Debate ground at Sera Me, India


After spending a few days in Sera to witness the study of Buddhadharma as a living tradition, we headed to Nalanda, which in the past constituted one of the largest centers of learning of Buddhism. Nalanda University is located in the province of Bihar, India, established in circa the 5th century CE. Equipped with dormitories, Nalanda is the first residential university in the world, where students from China, Korea, Sri Lanka, Indonesia and other regions came to study. In its heydays, there were more than 10,000 students and 2,000 lecturers/teachers at Nalanda. Remarkably, subjects taught at that time already included pancavidya: logic (hetuvidya), grammar/literature (sabdavidya), medicine (cikitsavidya), art (silpasthanavidya), and inner science (adhyatmavidya). It is said that the monks who intended to study at Nalanda would first complete ‘preparatory studies’ at Muarajambi, in order to learn the subjects in advance (similar to conducting preparations required to enter into Ivy League Universities), including Yi Jing.

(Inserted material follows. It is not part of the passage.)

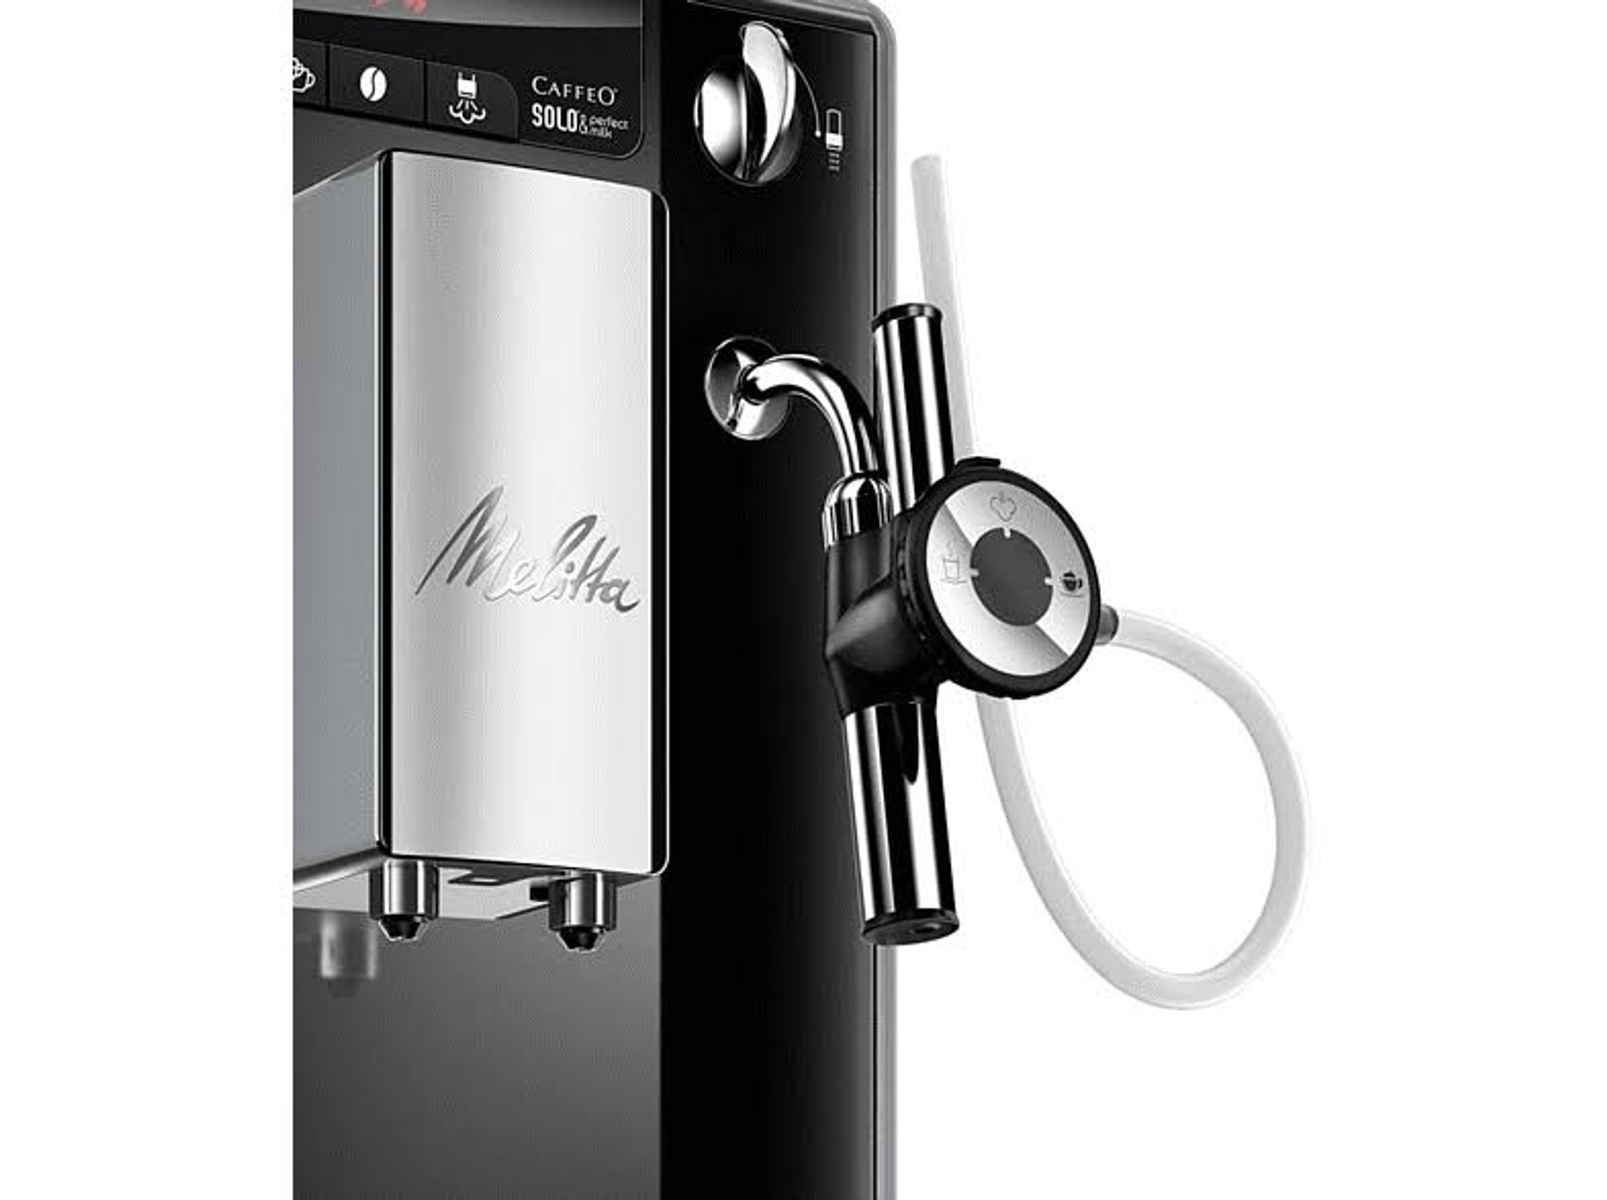 MELITTA Solo & Kaffeevollautomat E schwarz Milk 957-201 Perfect

To date, Nalanda still has the remains of podiums, yards, wells and irrigation canals, ponds, and arrangement of bricks that previously served as rooms. Included also is a three-layered ladder that symbolizes the three dynasties: Gupta, Harshavadan and Pala.

Nalanda Mahavihara, Bihar, India

Xuan Zang

Within the Nalanda Mahavihara complex stands the Xuan Zang Memorial Hall, which was the result of a joint cooperation between India and China. Determined to receive Buddhist teachings from authentic sources, Xuan Zang set out on a journey to India and spent several years in Nalanda, where he studied and taught. As a result, he took back with him numerous Sanskrit manuscripts, which he then translated into Chinese language. Thanks to his travels and notes, Buddhism flourished in China and also in other parts of the world, and hence the tachings was able to be preserved. It is said that it is primarily due to the detailed records of Xuan Zang that Nalanda could be successfully reconstructed from its ruins.

Xuan Zang Memorial Hall at Nalanda, India


Our next stop was Vikramashila University, which was one of the two most important centers of learning of Buddhadharma, besides Nalanda. Vikramashila fame spread, one of the reason was due to Acharya Dipamkara Srijnana stayed and taught here for a period of time and also served as its Academic Head (comparable to an education director or university rector).

Acharya Dipamkara Srijnana, who became known as Lama Atisha, was one of the alumni from Indonesia, i.e. Muarajambi. Studying under Acharya Dharmakirti, Dipamkara Srijnana lived and studied at Suwarnadwipa for 12 years. After studying in Indonesia, he returned to India and taught at Nalanda and Vikramashila, before he was invited to Tibet.

Vikramashila, Bihar, India

This trip left many deep impressions and insights; as if retracing in the footsteps of past great spiritual explorers who endeavored to master the Buddhadharma, as well as to preserve the teachings and culture that prevails to this very day. There was also a sense of happiness and gratitude for those who supported and facilitated this trip, especially to have been granted the opportunity to witness and get a direct, first-hand experience of these magnificent sites, which turned out to be so close to us, to Muarajambi and Indonesia.

The trip to India with lecturers of the University of Indonesia. Dr. R. Cecep Eka Permana (far left), Prof. Dr. A. Aris Munandar (2nd from left), (Candidate Prof.) Agus Widiatmoko (4th from left).